Shale outcrop cores from the Eagle Ford, Barnett, Marcellus, and Mancos were evaluated in this study. Cores were submerged in various fracturing fluids under pressure and temperature for two days. The increase in the volume of the fluid invaded into the cores was quantified using NMR as a function of the average pore radius. To mimic the flowback recovery process, the cores were placed in a vacuum cell for an hour, and the decreased fluid volumes within the cores were measured. Test conditions in this study investigated the effects of clay control additives and surfactants. Furthermore, the effect of operating parameters such as the pressure and fracturing fluid contact time was investigated.

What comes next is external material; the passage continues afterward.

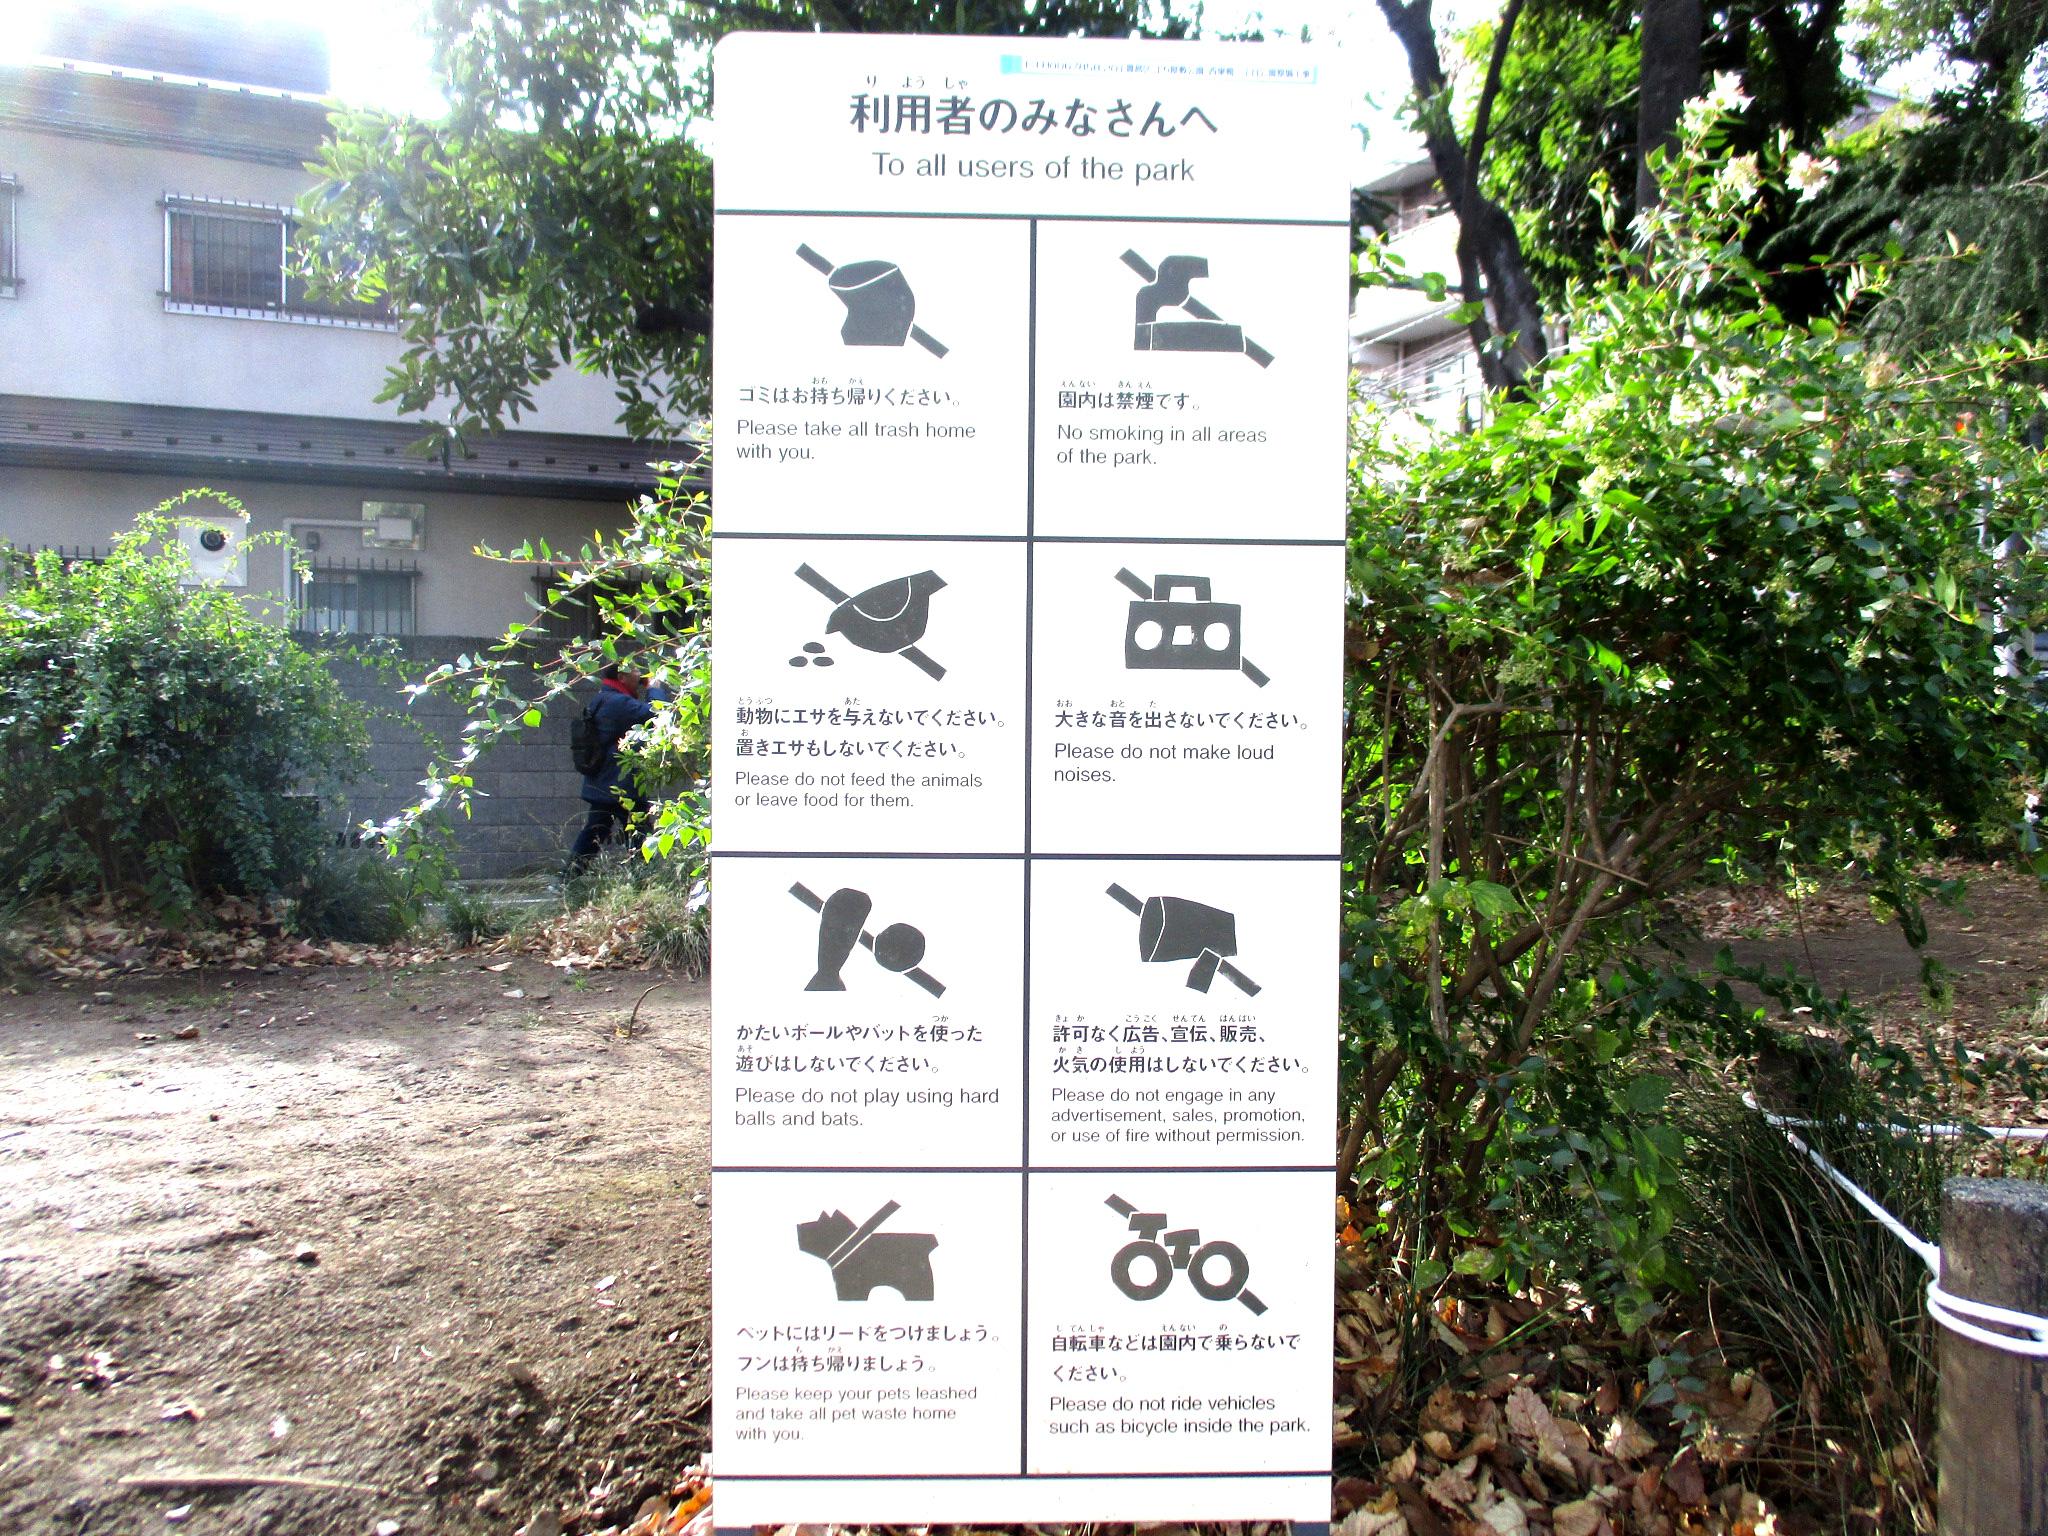 これまでバラバラに立てられていた公園での禁止事項看板をひとつにまとめた「お約束看板」。良品計画がデザインした

NMR techniques enable the effective evaluation of additives, such as surfactants and clay control additives, which until now may have been selected solely based on best practices established from stimulating local conventional formations. Additionally, this comprehensive fluid evaluation technology supports the creation of customized fracturing fluids, targeted for individual shale formations, to maximize factors such as post-fracturing load recovery, and to aid in the advancement of the industry's understanding of new fracture modeling concepts.